Цирюльник ловко взбил белоснежную мыльную пену.
— Синьор маэстро, — сказал он весело, с театральным жестом, — прошу!
Пока Россини усаживался перед маленьким зеркальцем, синьор цирюльник правил бритву на широком ремне.
— Синьор, как ваше имя? — спросил Россини.
— Франческо Пироли, маэстро. — У цирюльника хитровато поблескивали глаза-маслины, занятно прыгали густые усы на подвижном коричнево-матовом лице. Он был значительно старше заезжего композитора, которому исполнилось двадцать три года или что-то около того.
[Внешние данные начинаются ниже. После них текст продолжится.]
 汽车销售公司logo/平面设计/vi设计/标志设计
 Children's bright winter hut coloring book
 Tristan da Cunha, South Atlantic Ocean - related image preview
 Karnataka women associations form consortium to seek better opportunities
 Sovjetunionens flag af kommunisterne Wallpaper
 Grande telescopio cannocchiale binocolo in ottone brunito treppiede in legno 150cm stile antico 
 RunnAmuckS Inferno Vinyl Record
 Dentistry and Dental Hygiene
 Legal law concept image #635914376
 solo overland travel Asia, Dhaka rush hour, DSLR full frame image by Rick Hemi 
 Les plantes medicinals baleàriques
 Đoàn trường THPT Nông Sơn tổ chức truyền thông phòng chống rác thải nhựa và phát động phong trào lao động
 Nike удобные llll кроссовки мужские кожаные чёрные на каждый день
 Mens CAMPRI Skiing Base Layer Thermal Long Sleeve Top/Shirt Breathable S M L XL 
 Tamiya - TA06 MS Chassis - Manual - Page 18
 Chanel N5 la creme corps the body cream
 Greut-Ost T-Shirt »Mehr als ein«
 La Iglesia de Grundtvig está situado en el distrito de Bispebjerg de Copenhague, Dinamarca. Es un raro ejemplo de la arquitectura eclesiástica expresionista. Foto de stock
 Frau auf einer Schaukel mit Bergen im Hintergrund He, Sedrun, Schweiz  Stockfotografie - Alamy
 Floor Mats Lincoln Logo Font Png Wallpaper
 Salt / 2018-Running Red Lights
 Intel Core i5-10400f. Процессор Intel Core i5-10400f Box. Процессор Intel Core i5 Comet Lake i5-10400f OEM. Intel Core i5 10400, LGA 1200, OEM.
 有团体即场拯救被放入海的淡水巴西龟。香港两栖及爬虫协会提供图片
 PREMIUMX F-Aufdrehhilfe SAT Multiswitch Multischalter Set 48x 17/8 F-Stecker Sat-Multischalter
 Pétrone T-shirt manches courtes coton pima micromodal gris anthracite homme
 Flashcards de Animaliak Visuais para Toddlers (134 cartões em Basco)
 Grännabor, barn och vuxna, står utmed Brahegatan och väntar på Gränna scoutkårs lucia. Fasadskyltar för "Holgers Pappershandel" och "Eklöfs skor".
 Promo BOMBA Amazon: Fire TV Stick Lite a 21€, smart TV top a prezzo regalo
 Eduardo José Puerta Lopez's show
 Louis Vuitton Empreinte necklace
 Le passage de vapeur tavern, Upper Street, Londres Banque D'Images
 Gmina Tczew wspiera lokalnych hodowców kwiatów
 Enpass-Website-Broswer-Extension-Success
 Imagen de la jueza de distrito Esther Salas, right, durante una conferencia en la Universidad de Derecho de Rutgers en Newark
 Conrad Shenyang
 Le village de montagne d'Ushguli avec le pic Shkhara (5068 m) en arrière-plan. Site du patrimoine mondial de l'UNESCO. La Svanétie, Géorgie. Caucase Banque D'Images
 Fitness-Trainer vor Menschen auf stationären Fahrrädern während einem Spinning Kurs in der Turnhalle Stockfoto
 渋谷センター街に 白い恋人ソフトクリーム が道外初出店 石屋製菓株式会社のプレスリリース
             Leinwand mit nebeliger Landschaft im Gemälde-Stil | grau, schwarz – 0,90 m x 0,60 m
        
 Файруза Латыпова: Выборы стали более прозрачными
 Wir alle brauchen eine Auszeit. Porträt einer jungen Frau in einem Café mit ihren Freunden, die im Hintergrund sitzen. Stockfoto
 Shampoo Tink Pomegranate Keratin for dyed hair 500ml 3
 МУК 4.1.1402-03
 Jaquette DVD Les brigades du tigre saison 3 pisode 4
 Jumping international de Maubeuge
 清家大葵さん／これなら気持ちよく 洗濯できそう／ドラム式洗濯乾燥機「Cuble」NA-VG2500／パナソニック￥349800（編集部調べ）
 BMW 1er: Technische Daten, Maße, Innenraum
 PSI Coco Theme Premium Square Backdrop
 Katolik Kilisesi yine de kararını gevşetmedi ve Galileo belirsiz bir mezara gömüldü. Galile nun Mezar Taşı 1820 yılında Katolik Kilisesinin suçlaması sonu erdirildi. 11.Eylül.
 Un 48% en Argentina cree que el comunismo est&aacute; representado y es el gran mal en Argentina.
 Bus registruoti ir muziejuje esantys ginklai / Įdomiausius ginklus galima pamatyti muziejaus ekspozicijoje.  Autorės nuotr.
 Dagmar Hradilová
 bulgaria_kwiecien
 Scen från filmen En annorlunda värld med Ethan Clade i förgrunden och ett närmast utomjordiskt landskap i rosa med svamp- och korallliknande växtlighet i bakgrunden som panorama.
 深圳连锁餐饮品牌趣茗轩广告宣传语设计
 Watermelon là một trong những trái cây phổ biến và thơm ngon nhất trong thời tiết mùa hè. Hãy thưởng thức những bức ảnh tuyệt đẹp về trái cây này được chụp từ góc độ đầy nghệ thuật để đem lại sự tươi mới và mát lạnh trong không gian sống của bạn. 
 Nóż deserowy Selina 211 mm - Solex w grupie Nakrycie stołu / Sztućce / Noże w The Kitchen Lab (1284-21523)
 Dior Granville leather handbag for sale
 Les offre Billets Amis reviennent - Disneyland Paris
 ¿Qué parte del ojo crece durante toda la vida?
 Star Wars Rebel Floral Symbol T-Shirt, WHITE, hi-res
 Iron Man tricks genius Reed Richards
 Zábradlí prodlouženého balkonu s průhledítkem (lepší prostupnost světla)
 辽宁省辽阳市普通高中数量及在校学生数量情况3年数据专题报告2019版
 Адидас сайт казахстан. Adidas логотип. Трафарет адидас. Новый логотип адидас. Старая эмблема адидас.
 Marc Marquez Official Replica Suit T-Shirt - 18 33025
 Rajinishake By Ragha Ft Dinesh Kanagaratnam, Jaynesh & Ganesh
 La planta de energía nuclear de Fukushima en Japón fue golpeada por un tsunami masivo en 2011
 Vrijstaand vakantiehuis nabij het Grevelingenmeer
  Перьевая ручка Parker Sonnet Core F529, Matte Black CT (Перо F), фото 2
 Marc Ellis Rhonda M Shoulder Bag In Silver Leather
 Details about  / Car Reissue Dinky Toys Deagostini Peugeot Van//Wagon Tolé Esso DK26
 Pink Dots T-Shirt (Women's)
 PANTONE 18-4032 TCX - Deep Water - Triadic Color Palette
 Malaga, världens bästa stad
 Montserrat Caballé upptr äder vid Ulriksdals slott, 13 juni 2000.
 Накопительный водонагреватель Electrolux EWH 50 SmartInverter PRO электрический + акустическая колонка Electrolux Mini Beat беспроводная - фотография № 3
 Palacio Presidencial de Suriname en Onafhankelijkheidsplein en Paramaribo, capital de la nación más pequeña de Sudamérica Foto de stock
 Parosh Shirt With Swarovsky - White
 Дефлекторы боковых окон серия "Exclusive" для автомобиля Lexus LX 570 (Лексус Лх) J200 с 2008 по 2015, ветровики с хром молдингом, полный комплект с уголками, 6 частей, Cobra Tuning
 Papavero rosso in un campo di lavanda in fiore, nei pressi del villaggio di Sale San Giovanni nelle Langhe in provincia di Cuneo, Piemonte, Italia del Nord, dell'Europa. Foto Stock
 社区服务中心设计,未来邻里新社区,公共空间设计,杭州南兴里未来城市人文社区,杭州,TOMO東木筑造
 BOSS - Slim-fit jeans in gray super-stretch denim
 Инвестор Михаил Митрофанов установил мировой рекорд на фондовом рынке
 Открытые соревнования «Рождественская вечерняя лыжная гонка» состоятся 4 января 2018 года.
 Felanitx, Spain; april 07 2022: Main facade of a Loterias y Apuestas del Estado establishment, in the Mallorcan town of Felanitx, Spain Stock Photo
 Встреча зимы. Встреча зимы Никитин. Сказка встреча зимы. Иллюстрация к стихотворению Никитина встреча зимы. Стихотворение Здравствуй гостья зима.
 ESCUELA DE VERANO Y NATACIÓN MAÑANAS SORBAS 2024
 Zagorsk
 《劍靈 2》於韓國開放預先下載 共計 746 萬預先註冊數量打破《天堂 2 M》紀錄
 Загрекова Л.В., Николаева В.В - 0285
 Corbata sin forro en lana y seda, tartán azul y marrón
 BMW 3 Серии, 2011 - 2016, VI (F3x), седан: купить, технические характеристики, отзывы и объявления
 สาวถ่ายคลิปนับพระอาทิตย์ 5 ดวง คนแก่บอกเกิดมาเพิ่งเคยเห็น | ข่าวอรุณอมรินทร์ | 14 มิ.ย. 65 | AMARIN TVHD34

— Прекрасные бакенбарды, — сказал Пироли, — и мы их сохраним. — И он подмигнул, как истый римский цирюльник.
— Благодарю вас.
Вскоре легчайшая пена покрыла щеки композитора чуть ли не до самых бровей. Брадобрей склонился, приняв изящную позу, и приступил к делу с величайшим мастерством. Одновременно начал свой монолог:
— Синьор герцог прекрасно знает свое дело. У него особый нюх на таланты. Уж поверьте мне! Театр «Торре ДʼАрджентина» давно бы прогорел без него. И еще скажу, синьор маэстро: ваша опера «Торвальдр и Дорлиска» непременно понравится римской публике. Уж поверьте мне! Да, да! Это самое: «тра-тра-тра-ля-ля-ля!» В первом акте. Просто бесподобно! А еще скажу… — Брадобрей понизил голос: — Мы знаем, что вашего отца в Пезаро прозвали Вивацца. И это хорошо! Человек должен быть весельчаком, живчиком. Замечательное прозвище, синьор маэстро! — и уже почти заговорщически: — А в театре вас уже прозвали Вивацца-младший. Да, да! Они все знают о вас! Уж поверьте мне!
Обычно цирюльники обо всем хорошо осведомлены. И Россини приписал и эту осведомленность профессии Пироли. Но, кажется, на сей раз немножечко ошибся. Это вскоре выяснилось…
Закончив свое дело и щедро надушив маэстро, цирюльник отошел на два шага назад и, любуясь своей работой, произнес:
— Великолепно, синьор маэстро!
Потом уложил цирюльнические приборы в кожаную коробку.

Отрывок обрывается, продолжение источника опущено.